## EXERCISE DETAILS
Go to the line with "Hot Young Blond Sex handjob pmv" in the records below, then output it and each following line exactly, up to and including the line with "Marc Jacobs Weekender". Skip pictures and add nothing.

## DATASET CONTENT
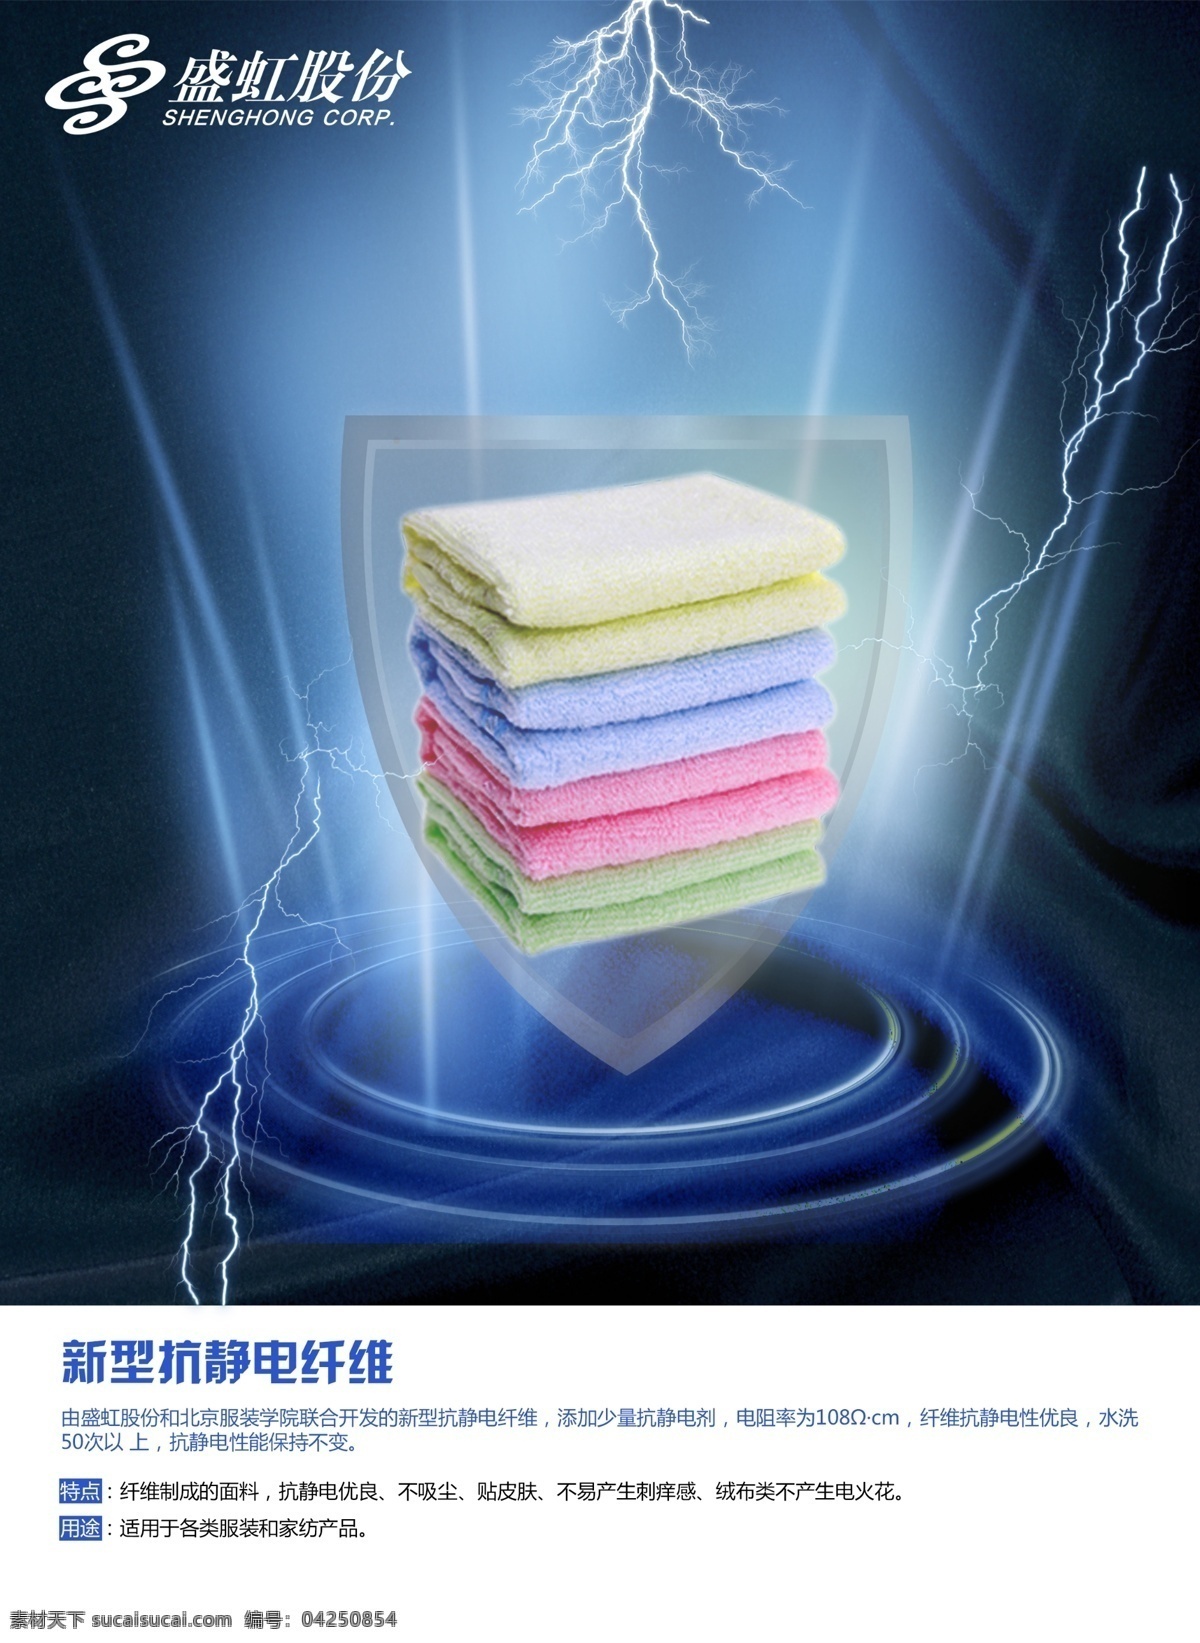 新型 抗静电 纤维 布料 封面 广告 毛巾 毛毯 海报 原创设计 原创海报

---

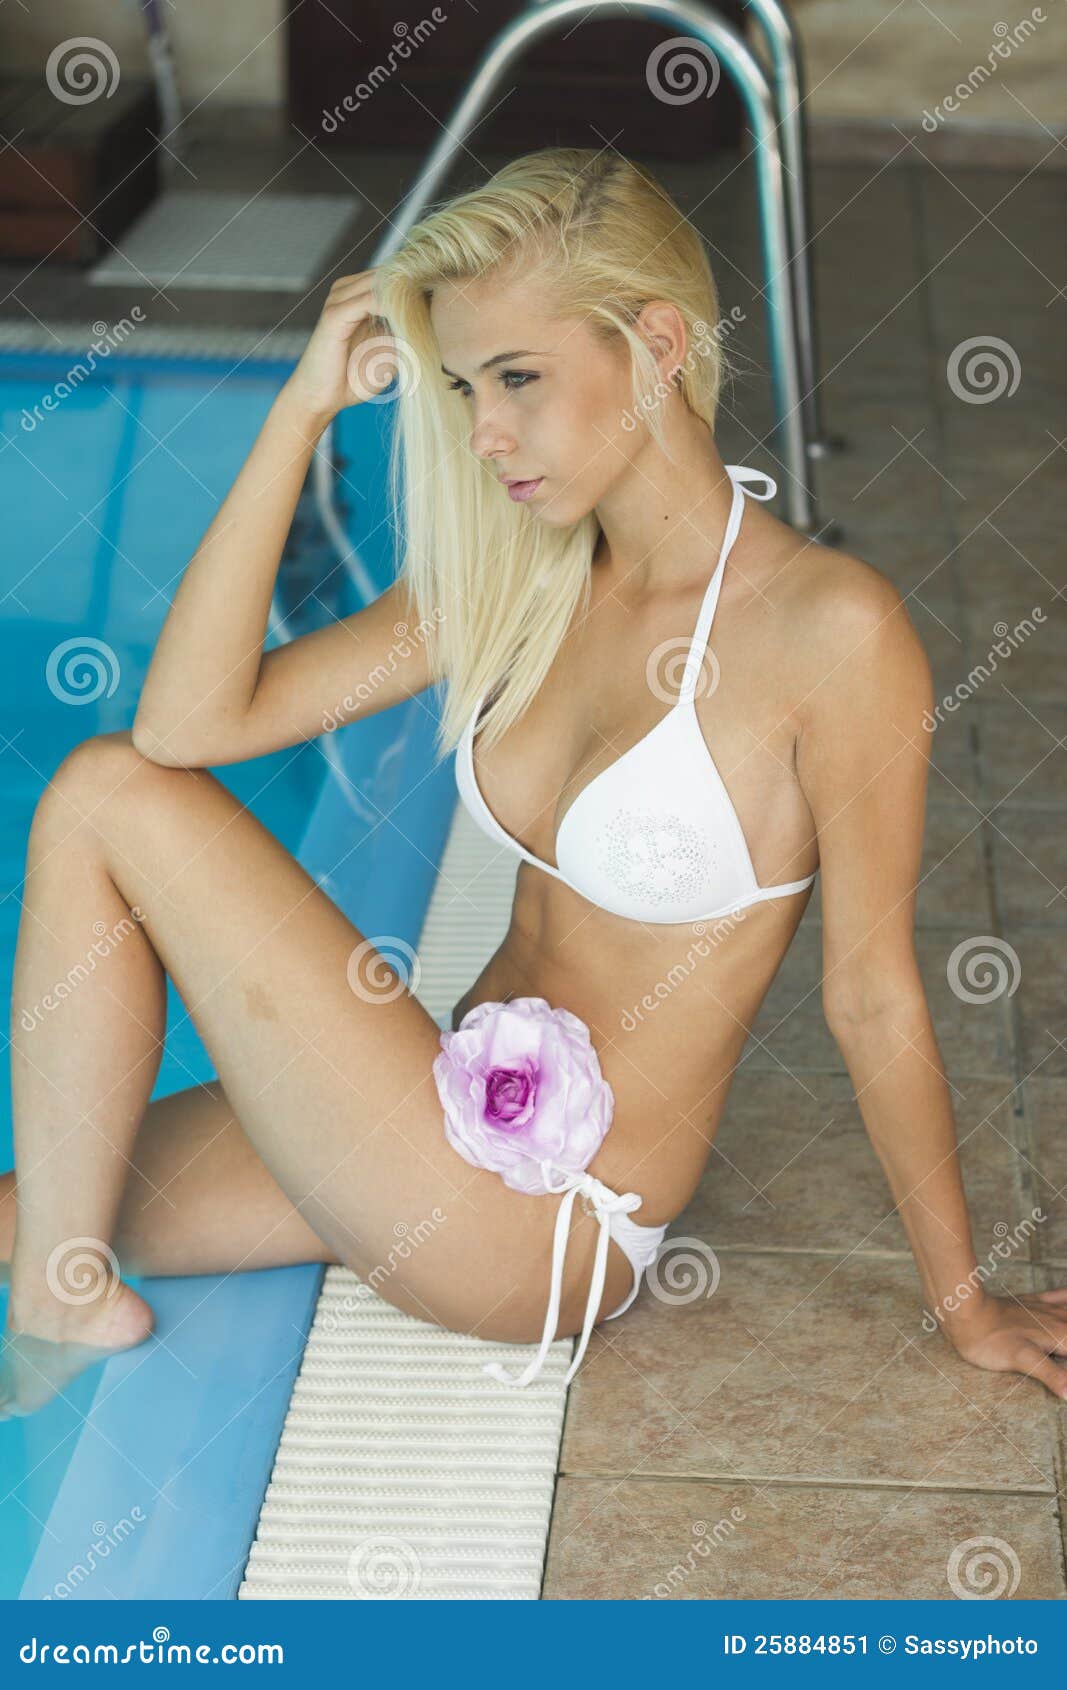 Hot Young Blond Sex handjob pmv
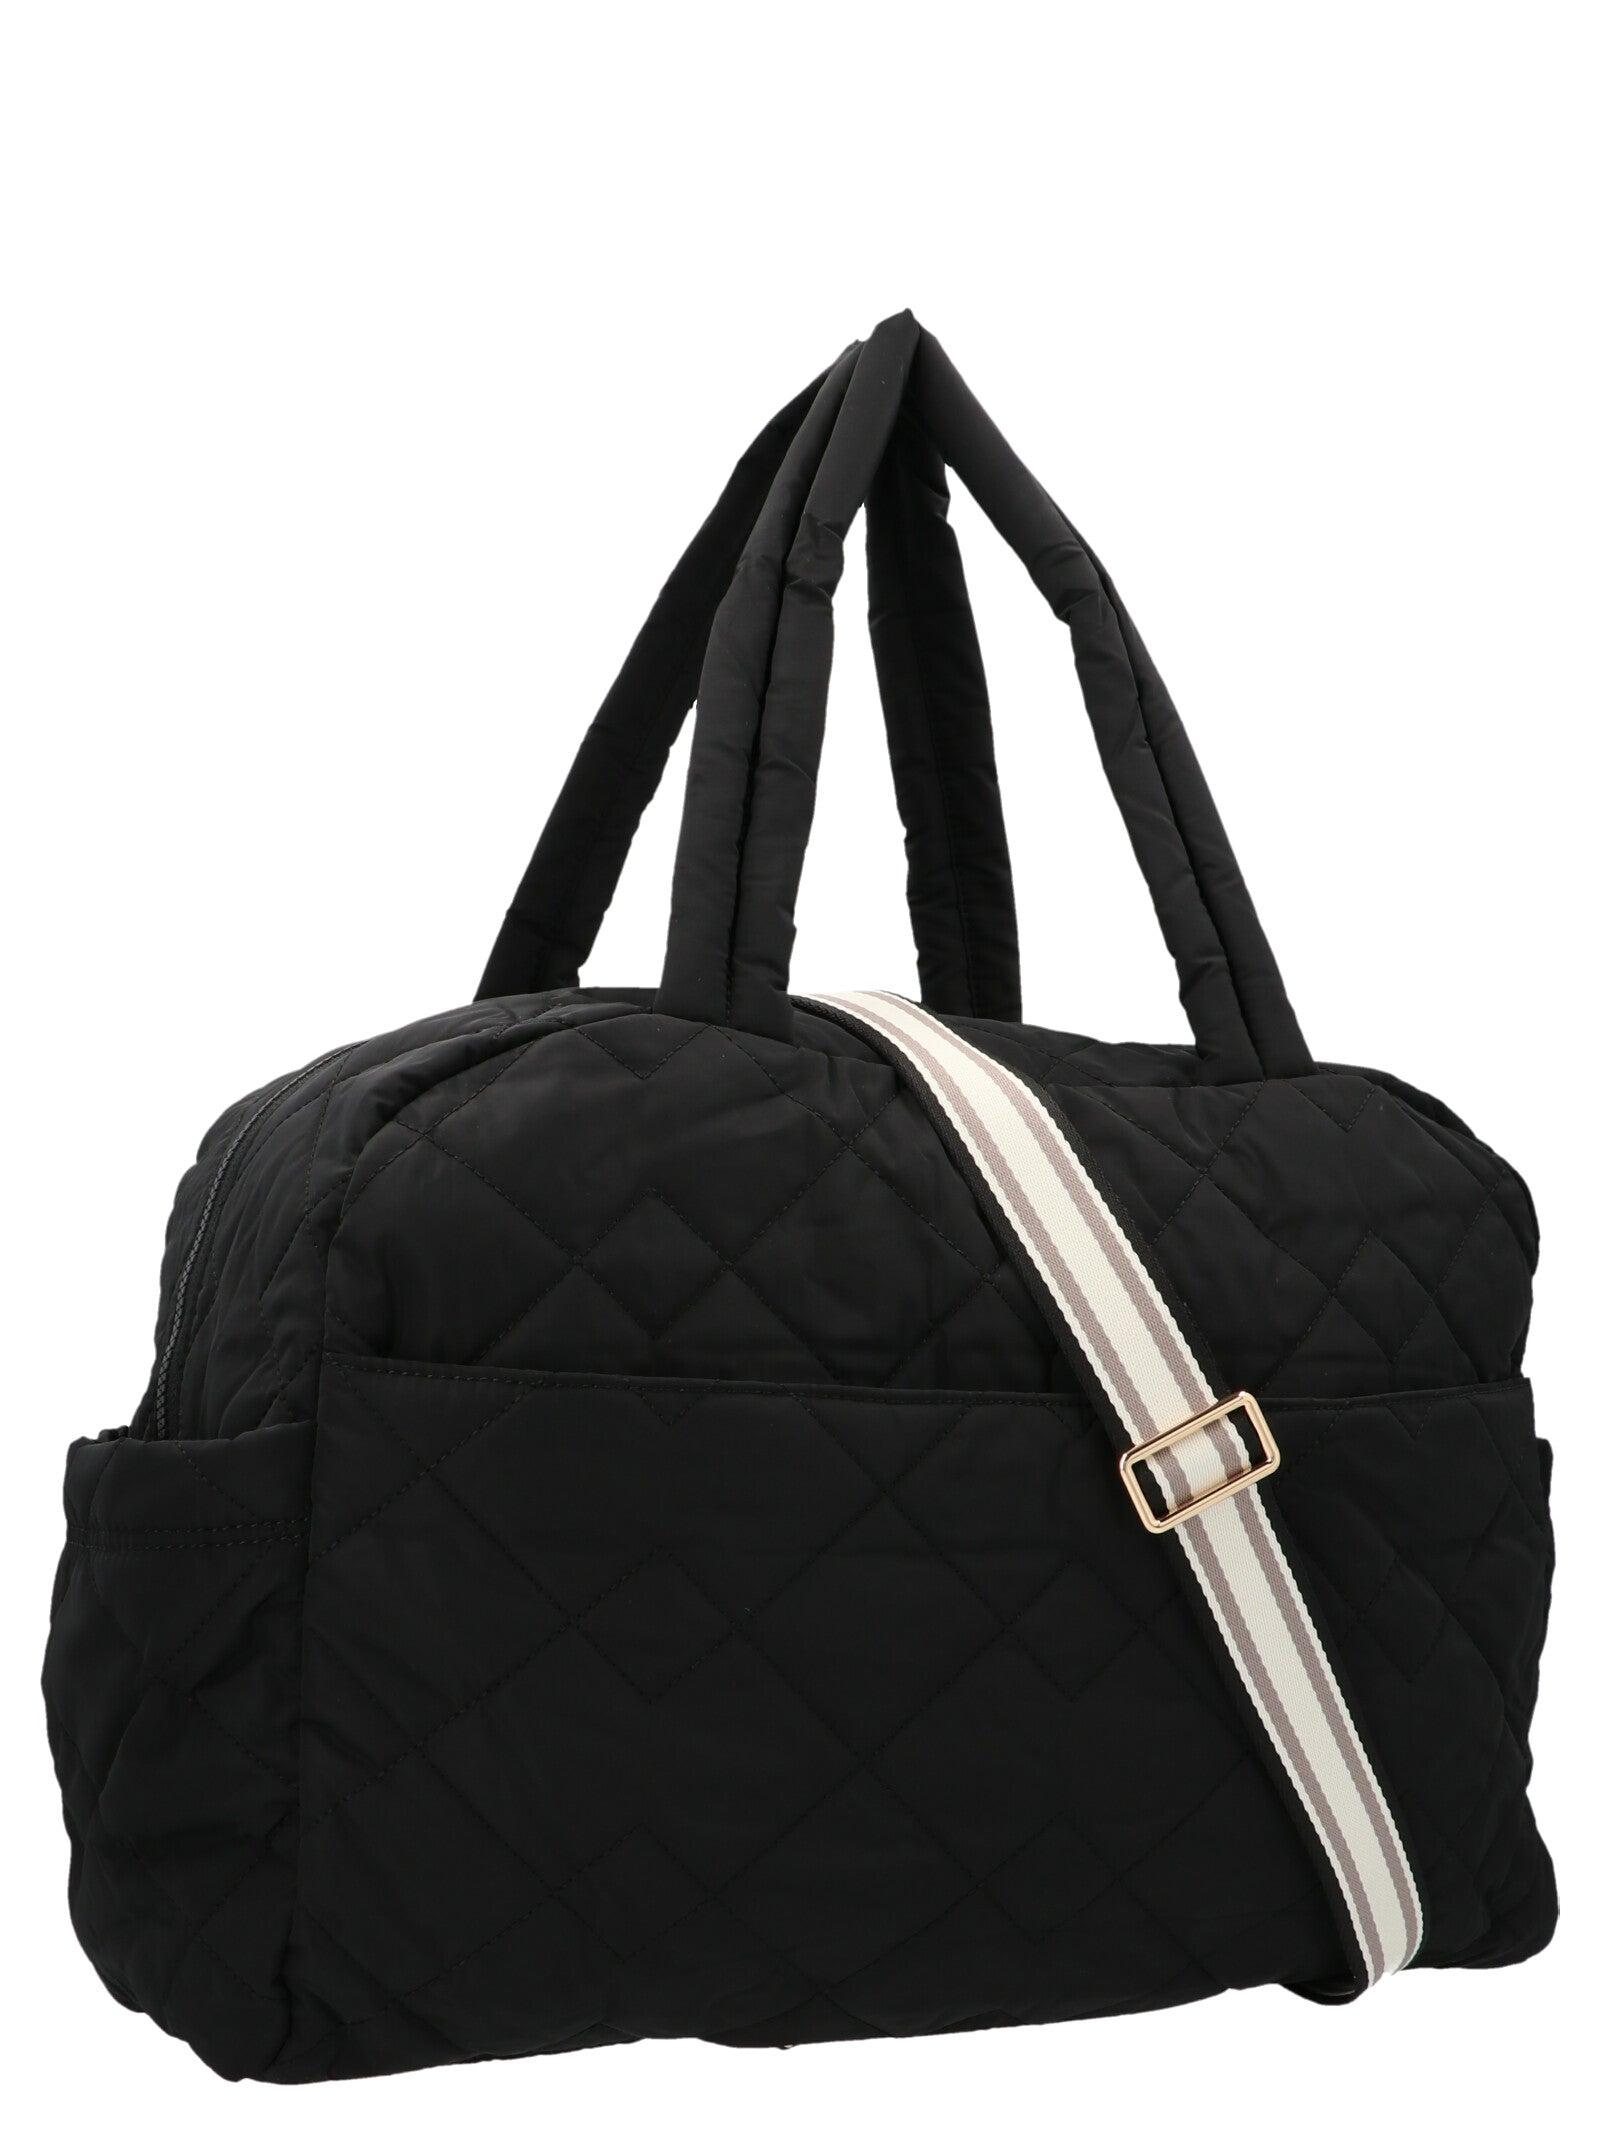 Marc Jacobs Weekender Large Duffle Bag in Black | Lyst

---

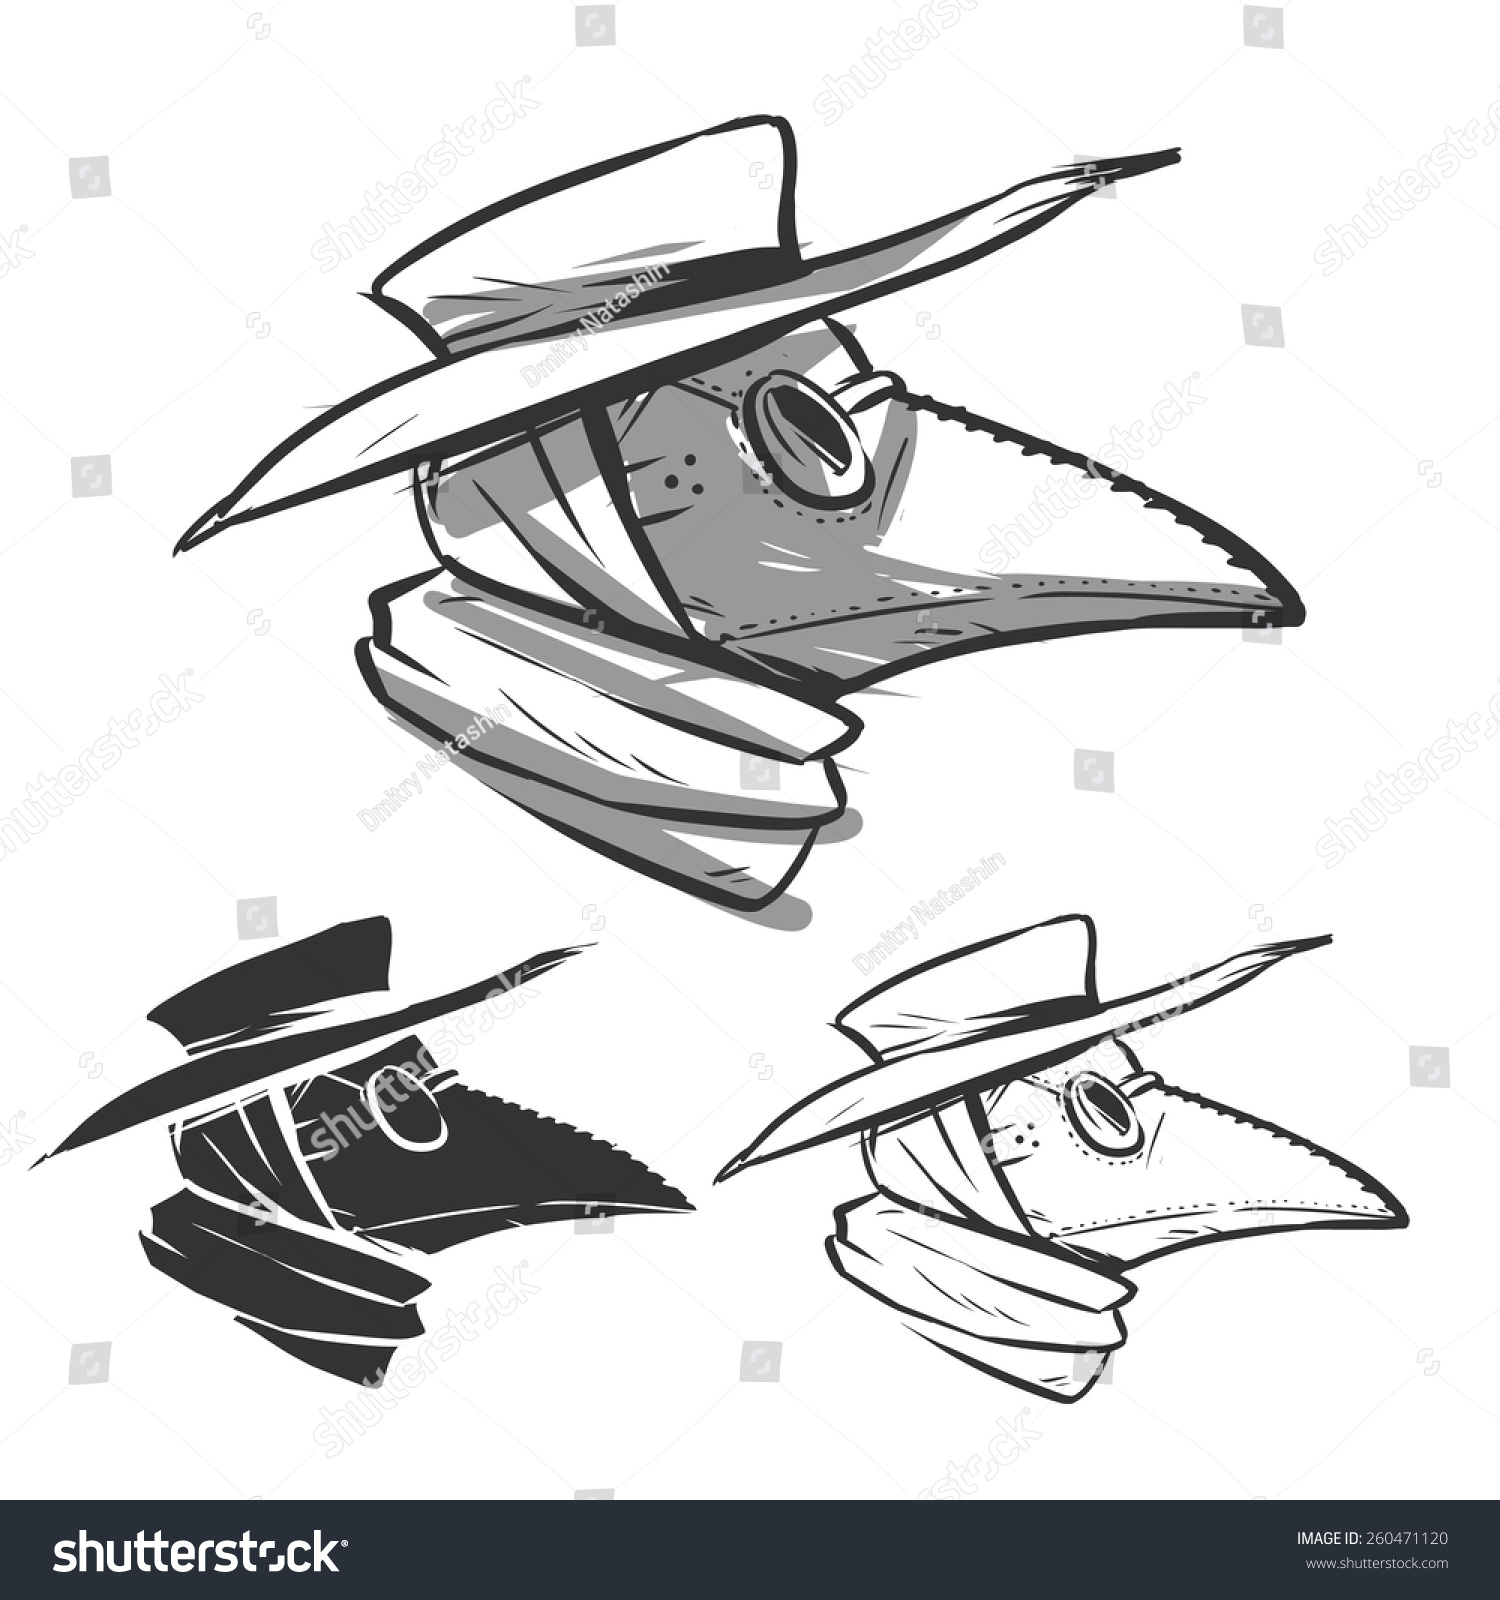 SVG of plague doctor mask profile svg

## EXPECTED OUTPUT
 Hot Young Blond Sex handjob pmv
 Marc Jacobs Weekender Large Duffle Bag in Black | Lyst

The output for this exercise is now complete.